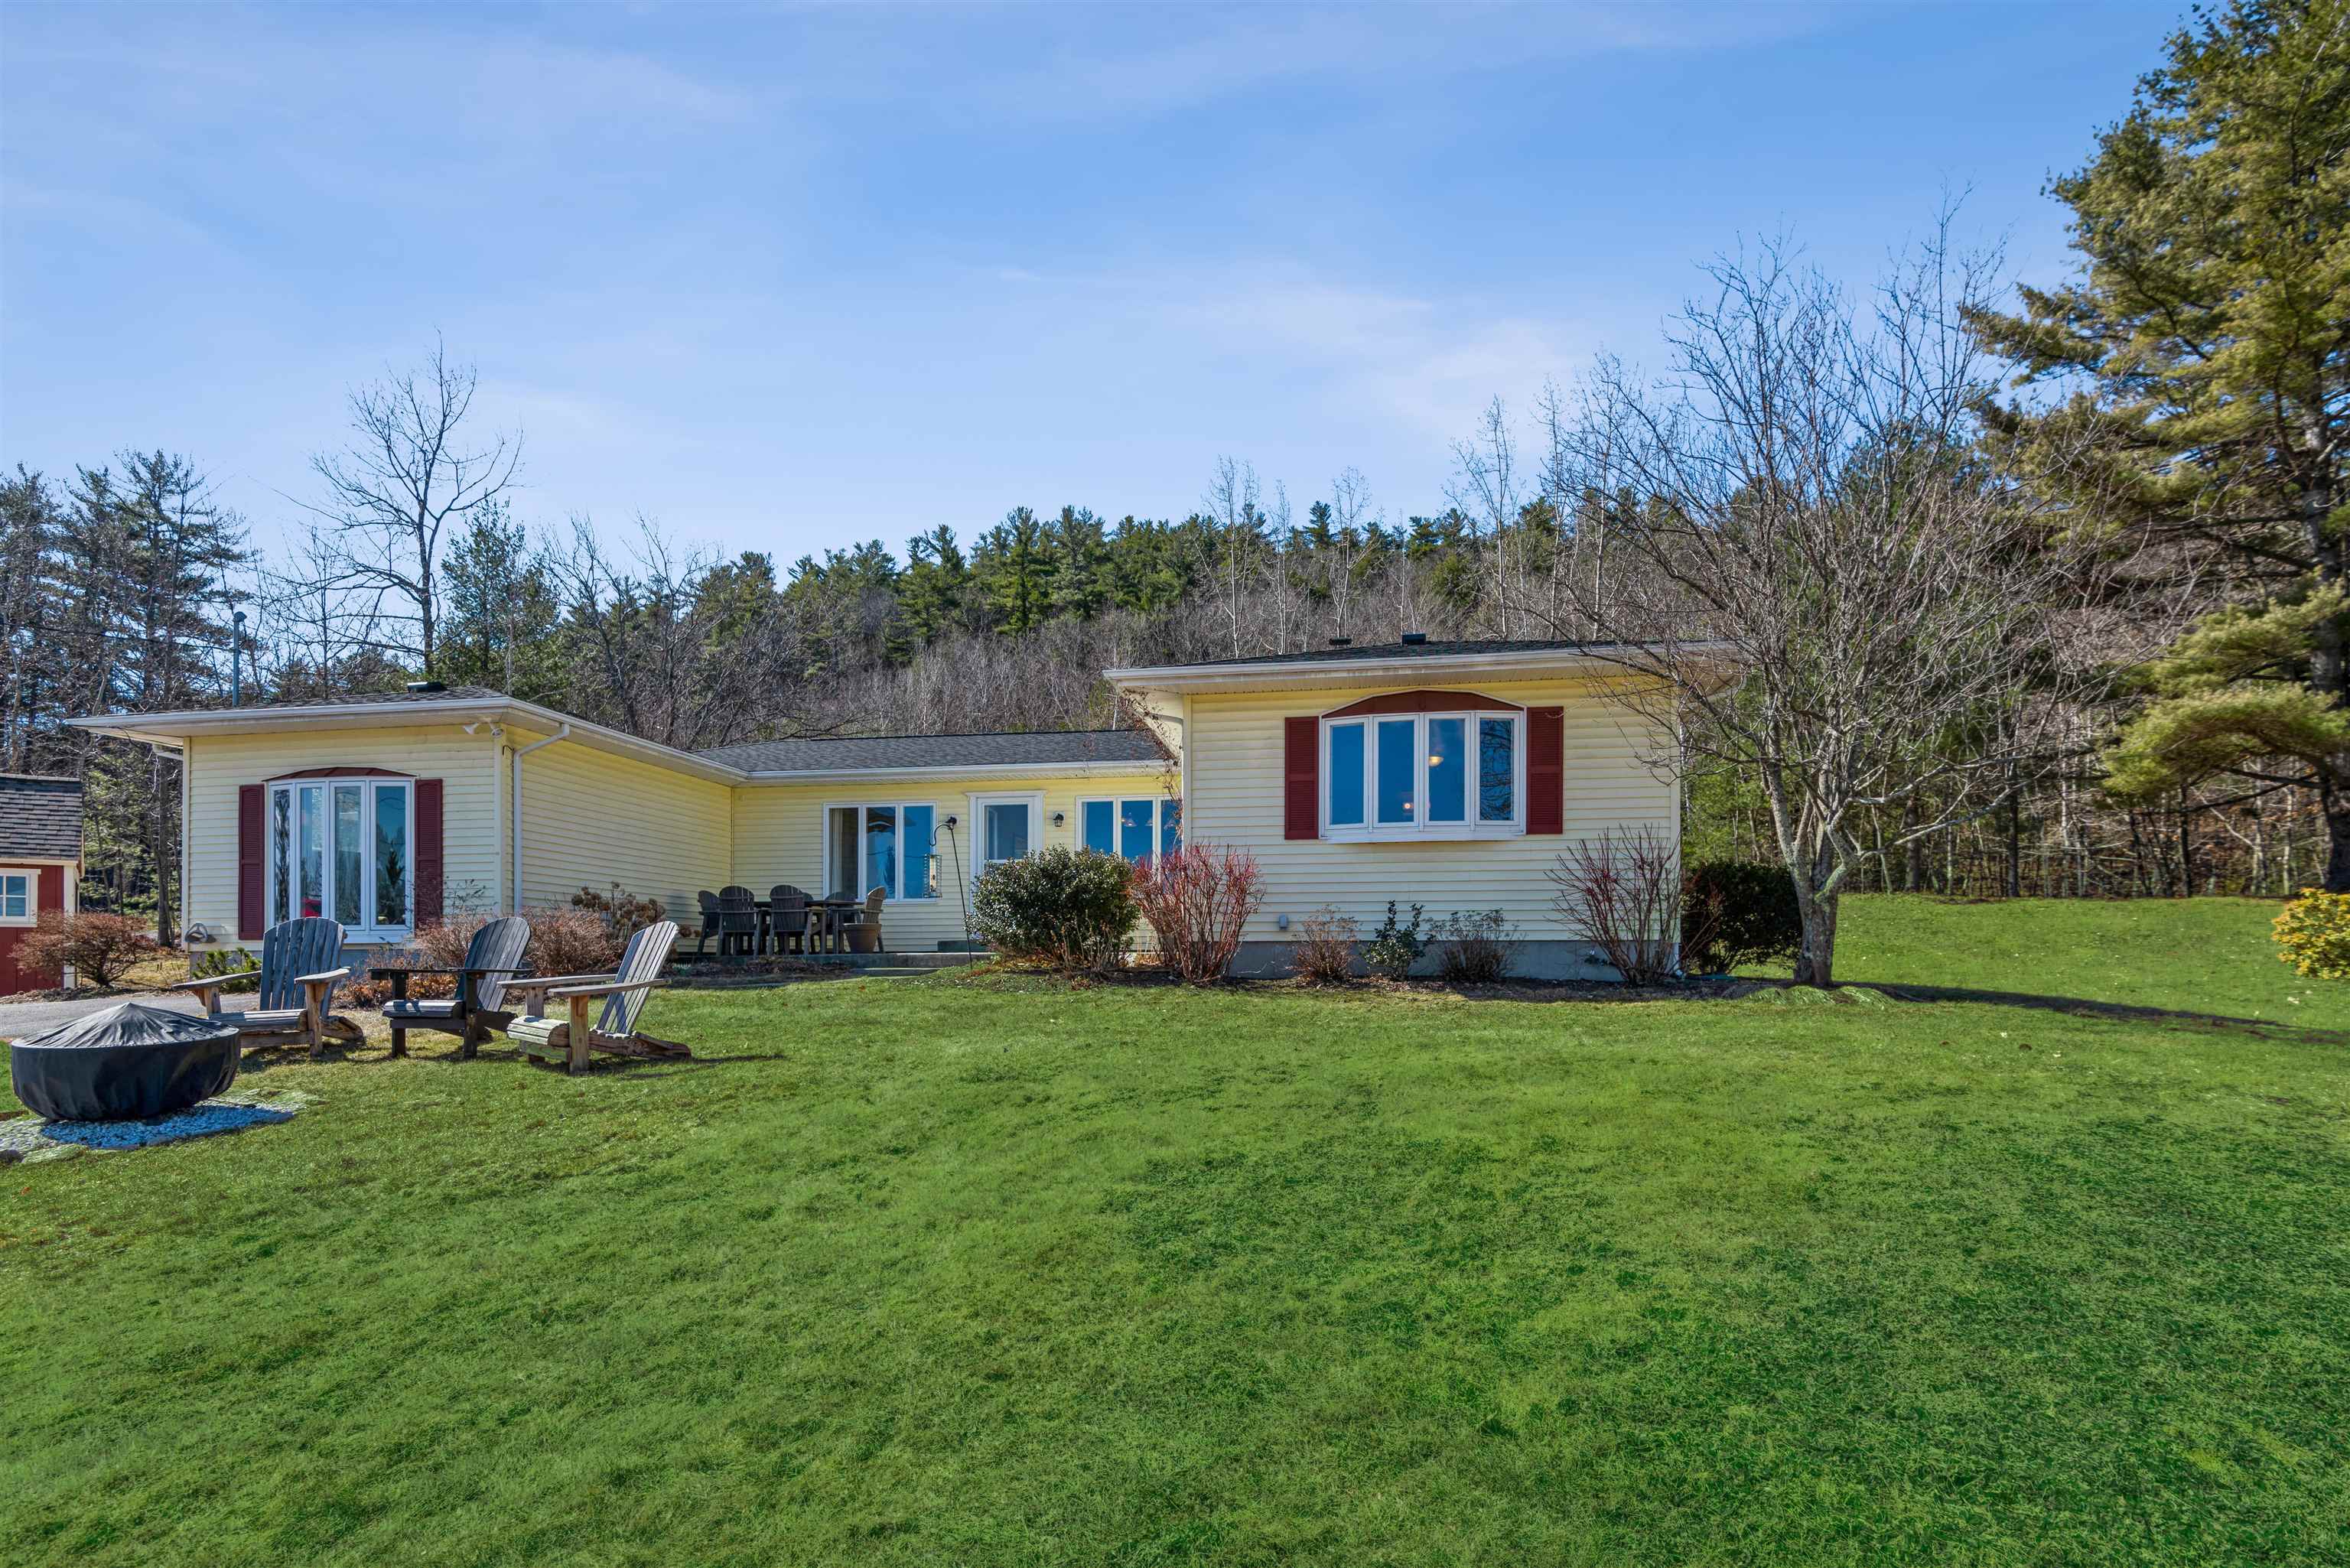 GILFORD NH Home for sale $$799,000 | $461 per sq.ft.
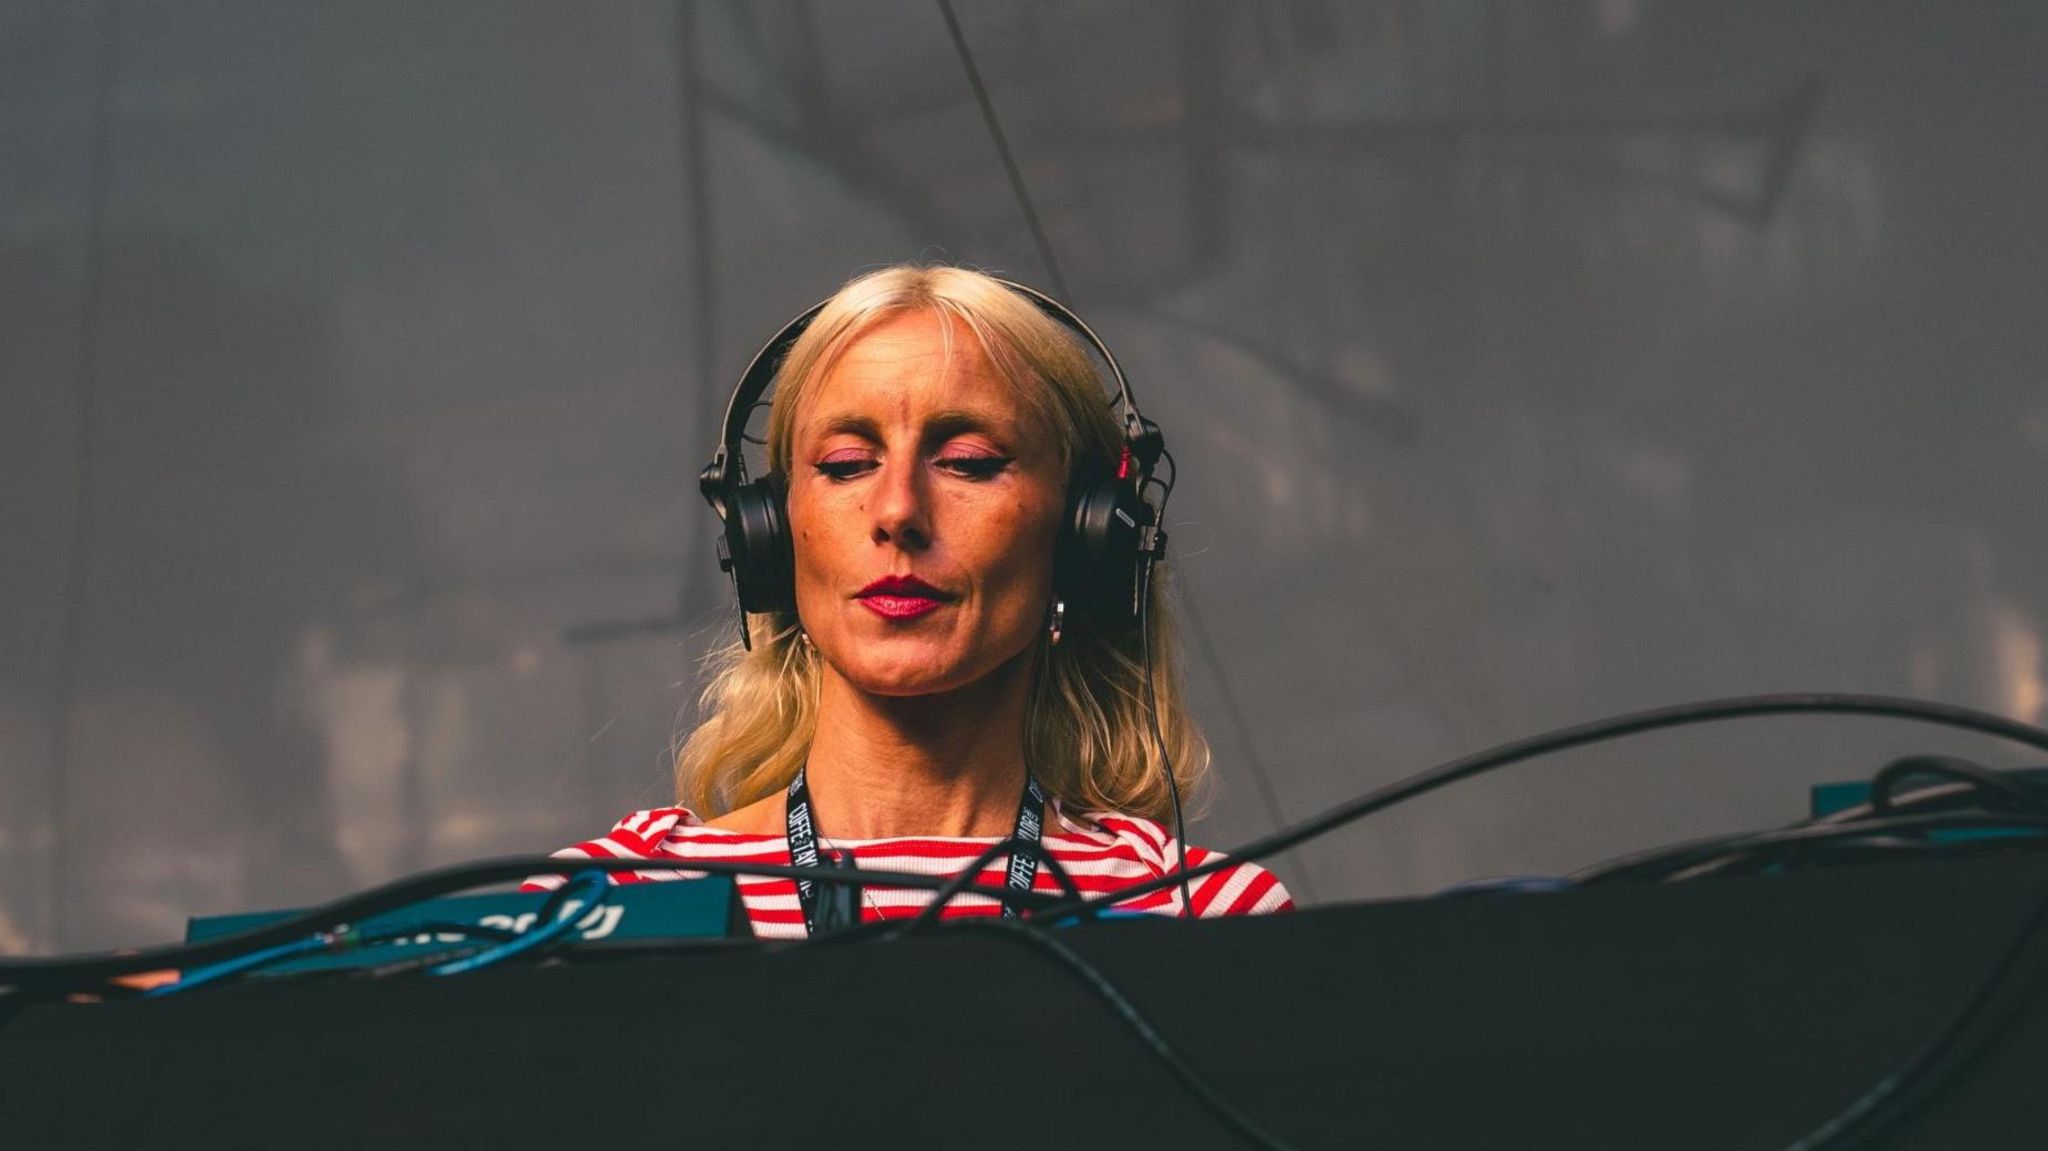 Blonde woman wearing a red and white stripe t shirt wears headphones at a DJ deck
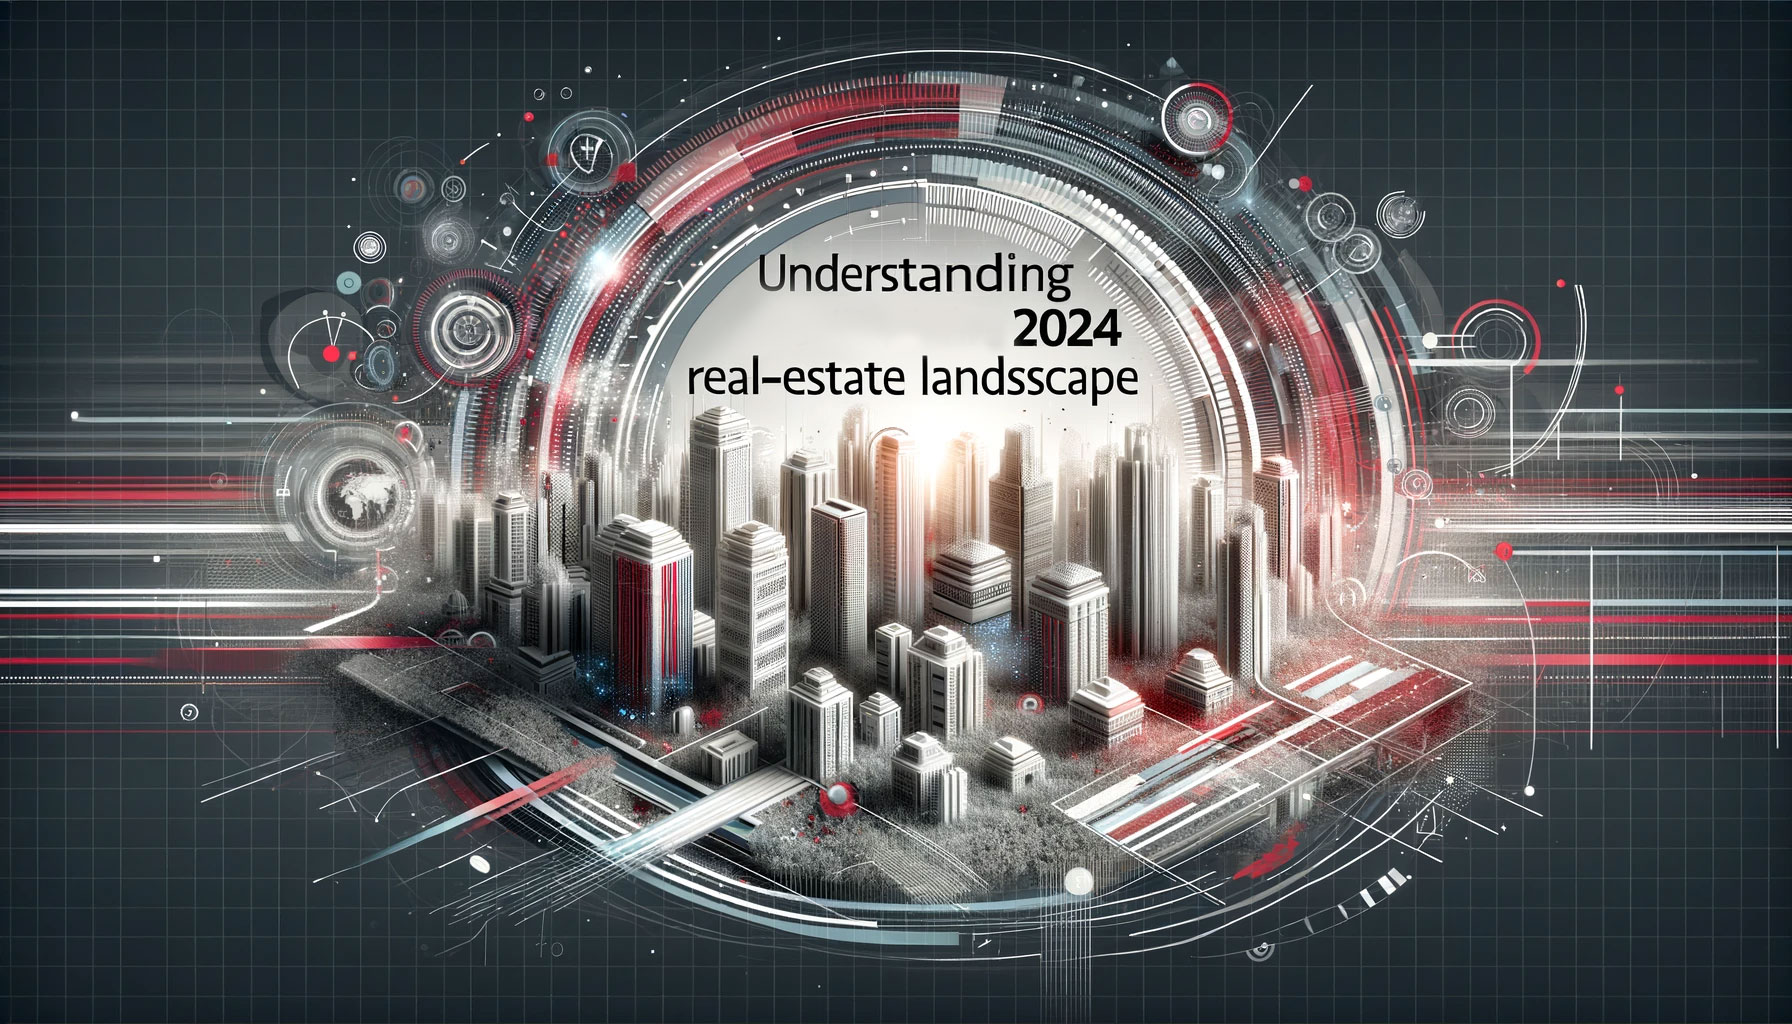 The Best Real-Estate Marketing Plan for 2024 HiT Land

------------------------------------

▶ _Exercise description_:
Word-for-word restatement: every line from the one with "Blonde woman wearing" through the final line of the data, both ends included, pictures excluded.

▶ _Response_:
 Blonde woman wearing a red and white stripe t shirt wears headphones at a DJ deck
 The Best Real-Estate Marketing Plan for 2024 HiT Land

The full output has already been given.